É muito legal comparar ficção com realidade, encontrar exemplos em histórias para entender coisas da nossa vida. Acho muito interessante quando professores passam filmes como V de Vingança ou Jogos Vorazes para explicar algo político. É interessante ver uma criança ou adolescente usando X-Men para entender a questão do preconceito. Mas as histórias estão aí para nos fazerem refletir e não para serem seguidas ao pé da letra. Não podemos bater uns nos outros como o Batman e o Superman fizeram.

Enquanto tivermos essa mentalidade binária que muitas histórias de fantasia e de super-heróis apresentam, nós não vamos conseguir nos focar em encontrar soluções porque estaremos muito preocupados em “derrotar o inimigo”. Até porque ninguém quer se encontrar no lado do vilão, então a necessidade e urgência de provar seu lado é ainda maior, o que resulta nas demonstrações de ódio que andamos vendo.

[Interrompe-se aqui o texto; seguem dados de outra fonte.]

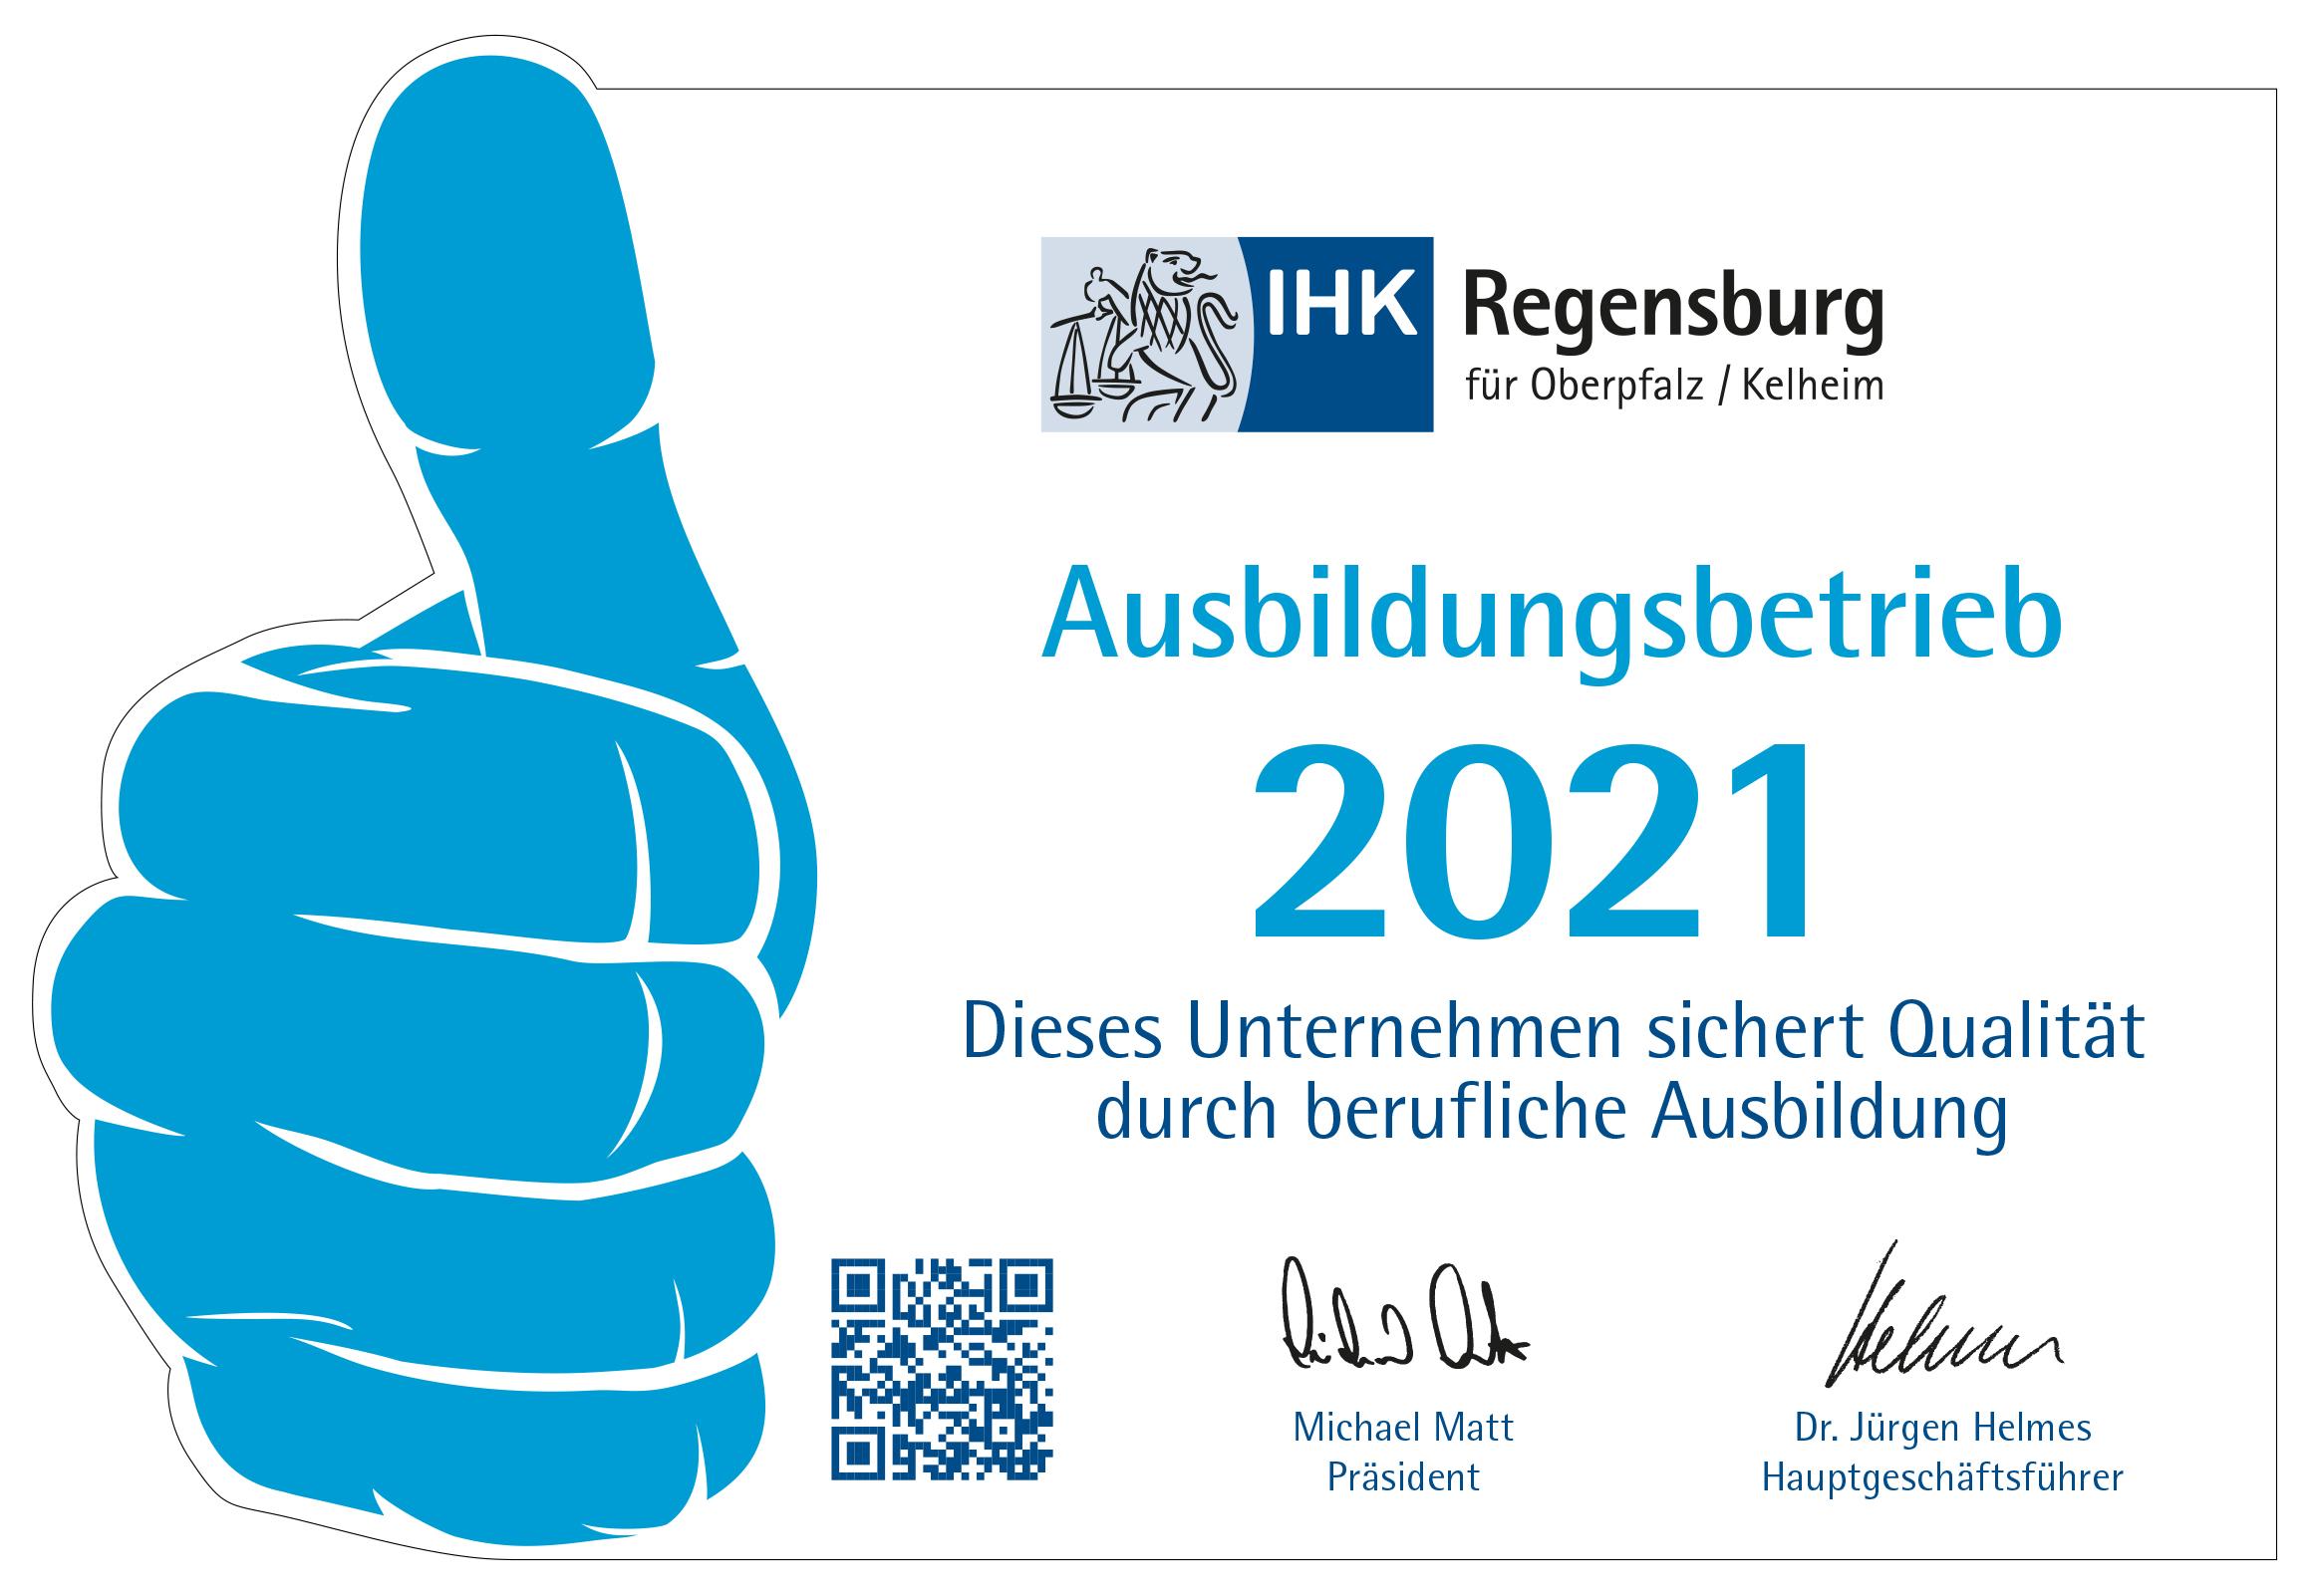 IHK Regensburg Ausbildungsbetrieb

Essas questões da ficção são importantes, por mais que Batman vs Superman tenha feito os fãs escolherem lados e mudar fotos de perfil, e por mais que eu particularmente não tenha gostado, foi um filme que me fez refletir sobre a posição do “grande herói” numa sociedade. Mas Batman e Superman não existem, assim como X-Men e Jedi não existem, o que temos são as mensagens dessas histórias que precisam ser filtradas antes de serem levadas para nosso cotidiano.

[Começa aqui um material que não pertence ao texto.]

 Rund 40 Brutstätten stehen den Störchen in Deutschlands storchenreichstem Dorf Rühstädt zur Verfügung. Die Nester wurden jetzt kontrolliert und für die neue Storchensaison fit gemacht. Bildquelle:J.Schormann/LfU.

Precisamos entender que enquanto tivermos essa ideia de que estamos em um jogo de futebol, enquanto tentarmos colocar alguém como “salvador” e outro como “fonte de todo o mal” não vamos conseguir encontrar soluções que realmente funcionem, porque na ficção derrotar o grande monstro pode sim ajudar e ser o “objetivo final”, mas aqui na vida, em que somos apenas pessoas complexas, precisamos de outras respostas.

Observações importantes:

  • Apesar de não suportar Bolsonaro, eu não acho que ele é o único problema. Não estou falando só de outros nomes na câmara, mas como disse, Bolsonaro foi eleito e não foi sozinho, se ele e outros estão lá, é porque existe esse pensamento na nossa sociedade. Isso não significa que você não possa se preservar, eu não vou excluir alguém da minha vida por uma opinião contrária, mas opinião é preferir DC ou Marvel, o que Bolsonaro e outros fazem não é opinião, é discurso de ódio e isso ninguém precisa aturar. Quando Bolsonaro homenageia Ustra, que torturou Dilma, ele não só está desrespeitando as pessoas que sofreram na ditadura, mas desrespeita a existência de várias pessoas. Como mulher eu me senti ofendida e desrespeitada.
  • Às vezes estamos em situações que de fato não dá pra ficar no muro, mas há mais de uma posição entre A e B. Todos vão ter algo a dizer sobre o impeachment, mas nem todo mundo que é contra é contra pelos mesmos motivos, assim como nem todo mundo que é a favor é a favor pelos mesmos motivos. Também podem existir pessoas que não sabem se são contra ou a favor, assim como outras opiniões vão surgir. O meu ponto é: a mentalidade binária não ajuda ninguém, há mais de um posicionamento por aí, assuntos políticos são complexos.
  • Independente da sua posição em relação ao impeachment, nada justifica ser machista quando fala sobre a presidenta. Uma coisa é ter uma opinião, por exemplo, achar a gestão dela ruim e querer mudanças, outra é fazer discurso de ódio porque ela é mulher.